_TRY IT_. For this exercise, restate word for word only the lines from the one containing "notes autoadeziv 51" through the last line below. Pictures do not get copied.

_RAW DATA_.

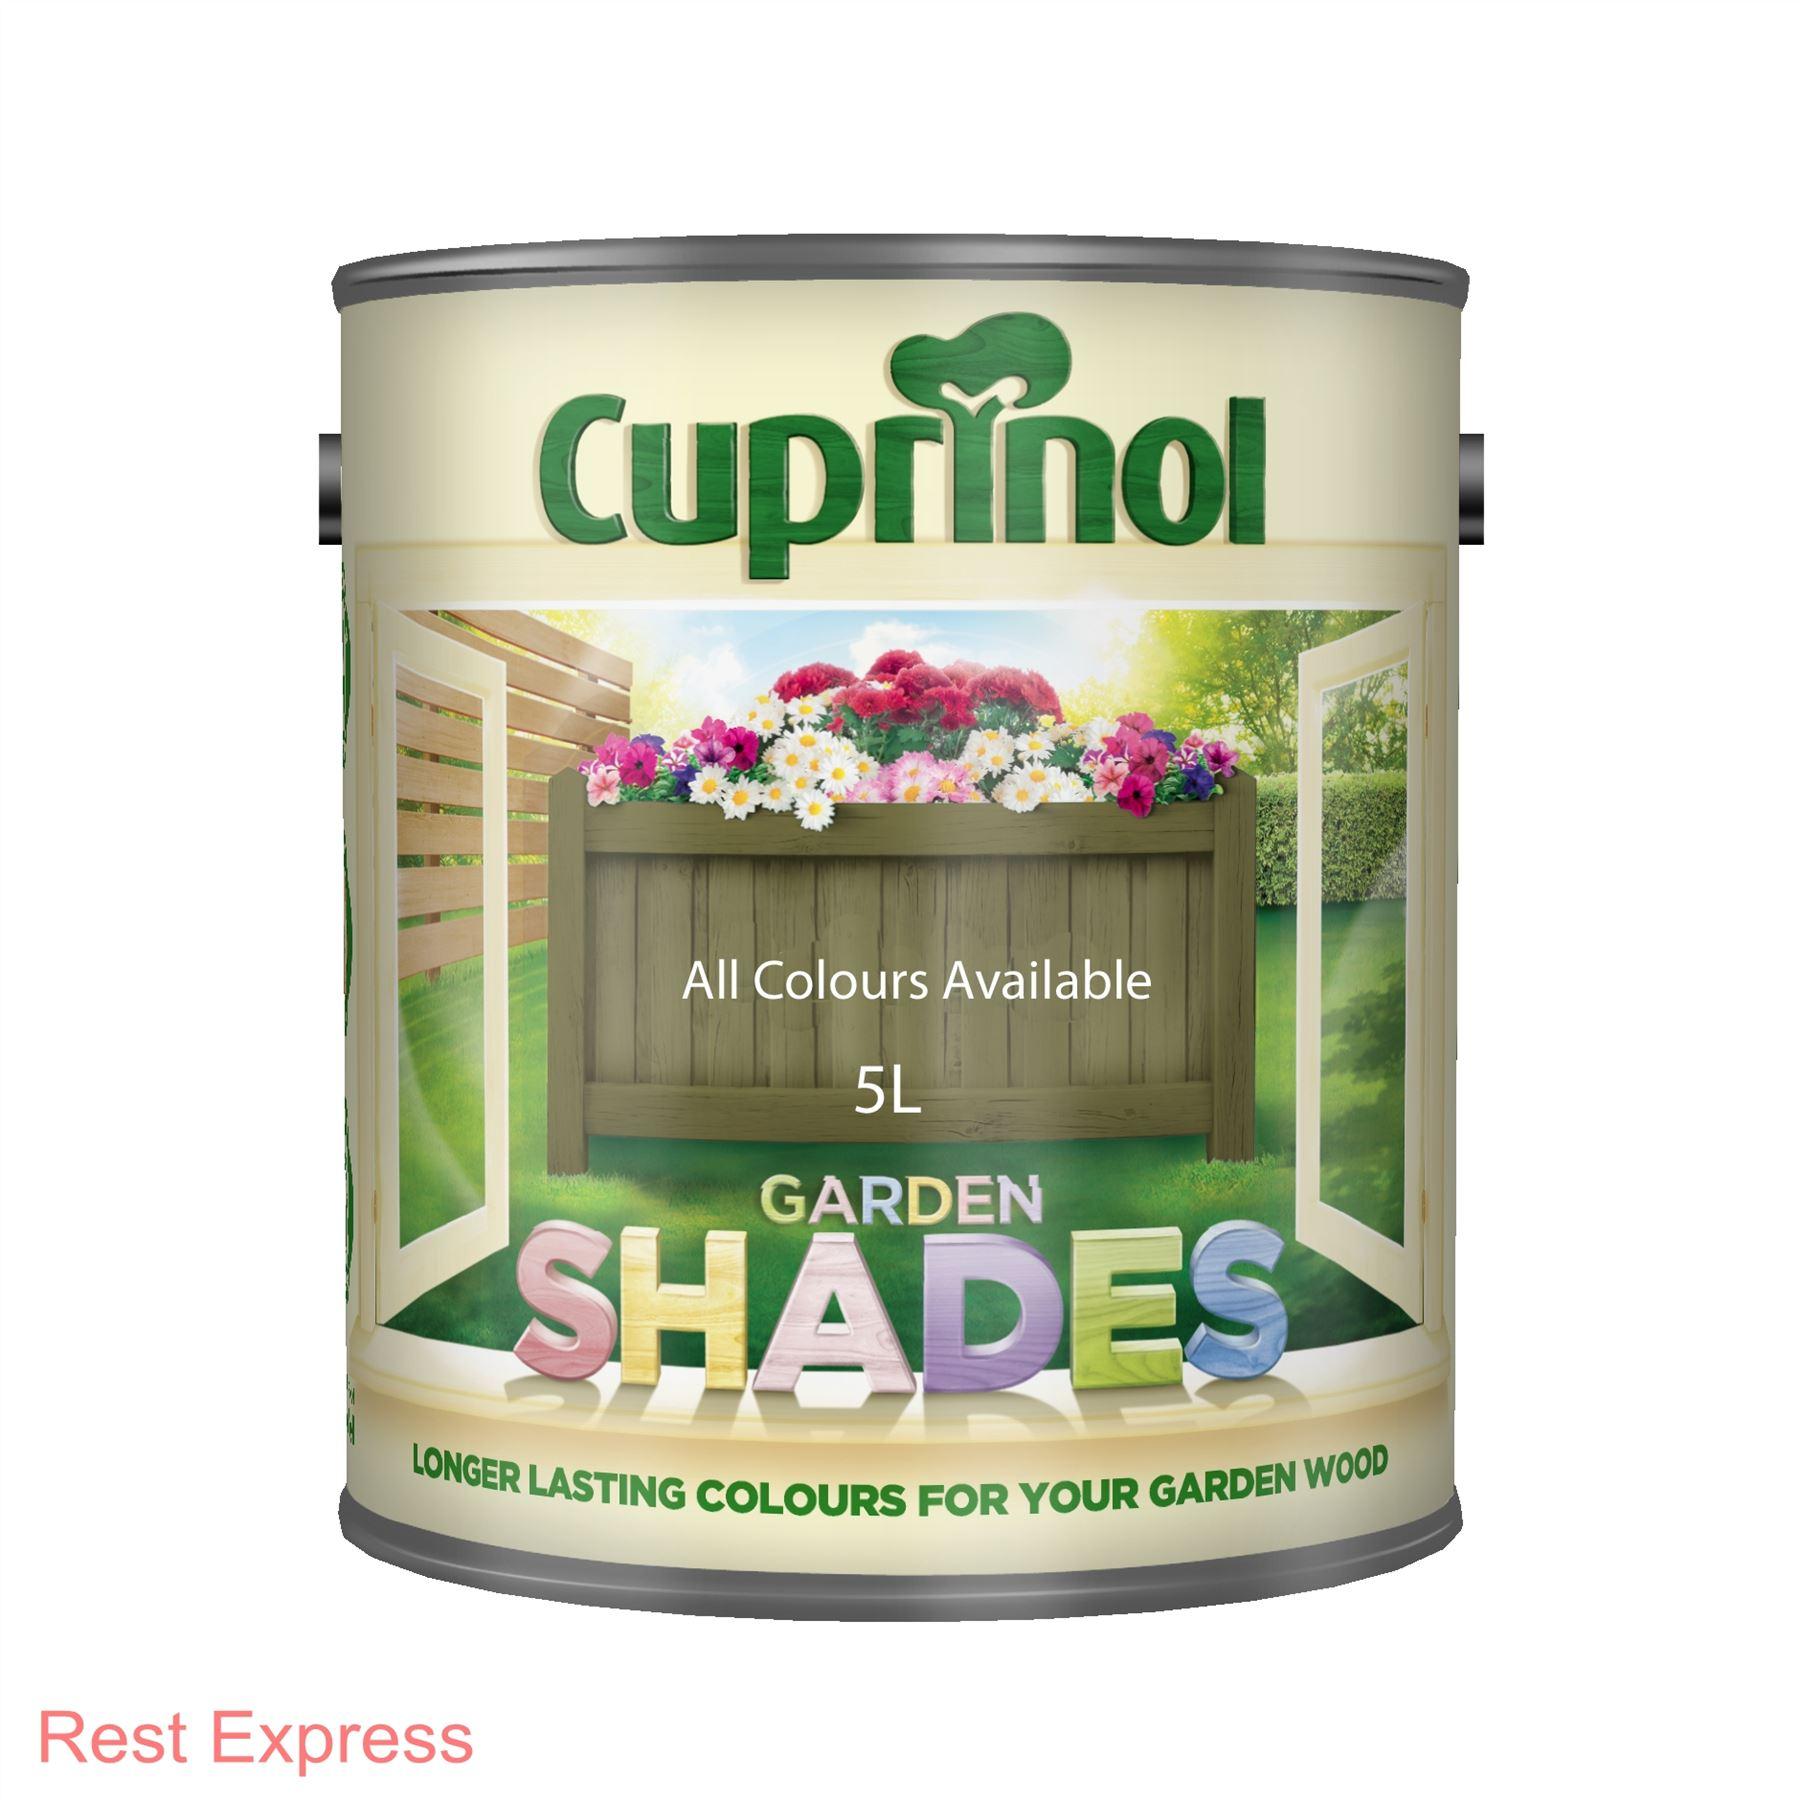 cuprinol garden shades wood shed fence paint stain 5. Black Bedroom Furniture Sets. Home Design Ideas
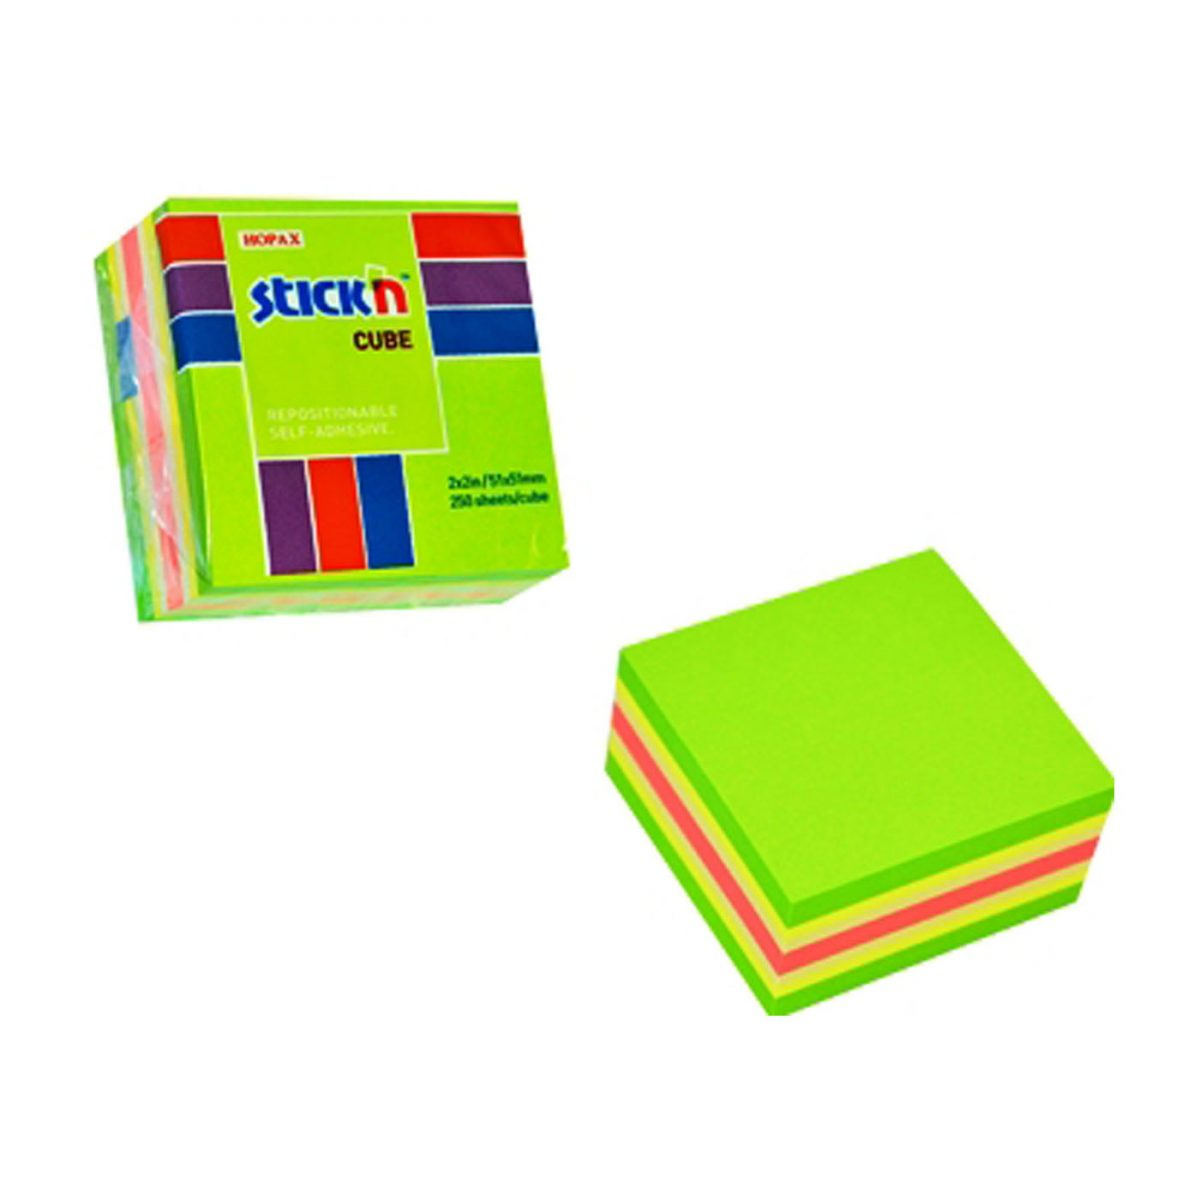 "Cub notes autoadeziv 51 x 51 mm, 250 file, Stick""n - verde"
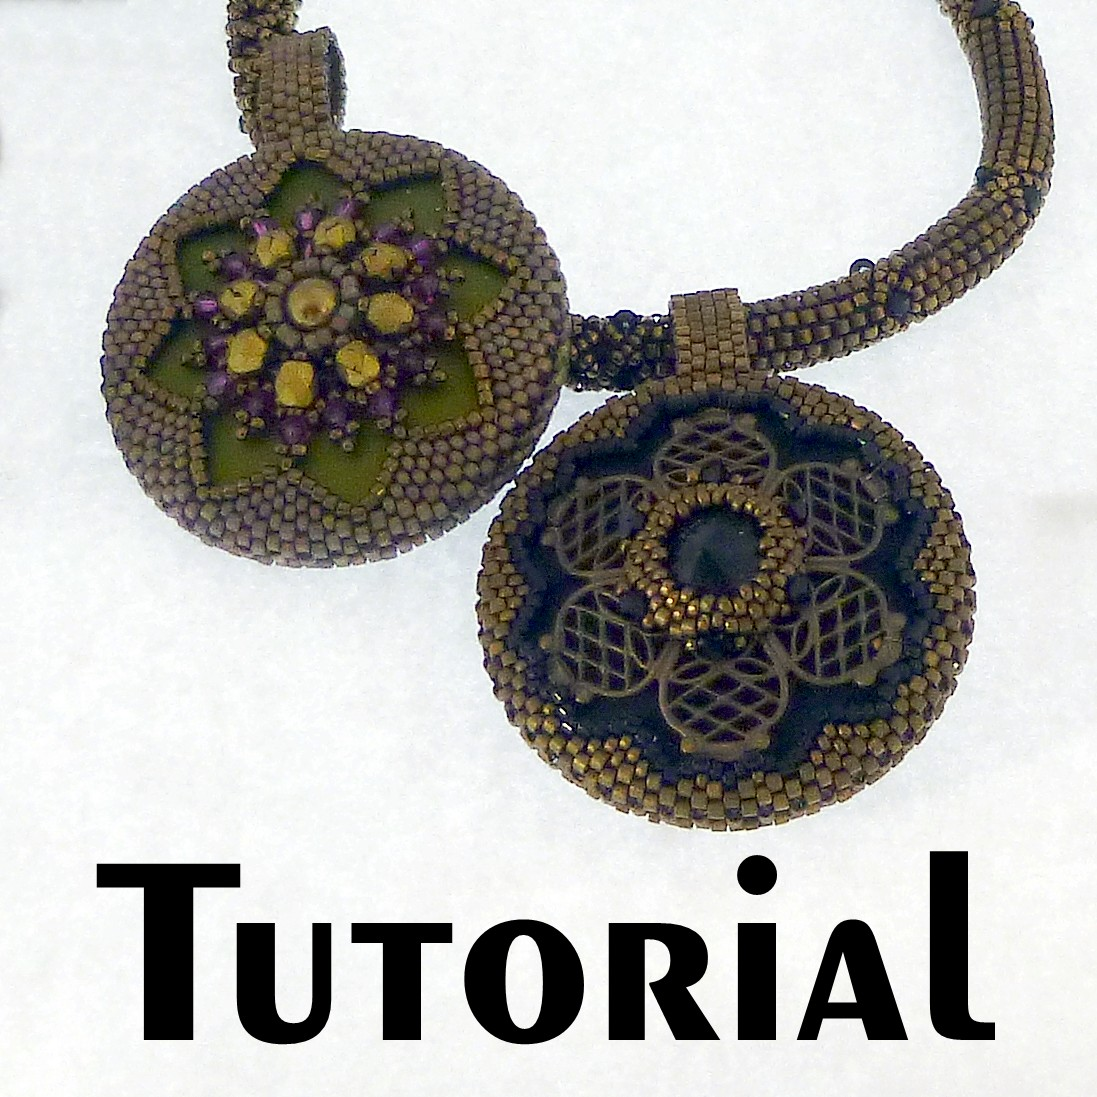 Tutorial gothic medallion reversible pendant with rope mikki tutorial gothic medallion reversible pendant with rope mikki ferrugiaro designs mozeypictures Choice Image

_RESPONSE TO THE EXERCISE_.
 "Cub notes autoadeziv 51 x 51 mm, 250 file, Stick""n - verde"
 Tutorial gothic medallion reversible pendant with rope mikki tutorial gothic medallion reversible pendant with rope mikki ferrugiaro designs mozeypictures Choice Image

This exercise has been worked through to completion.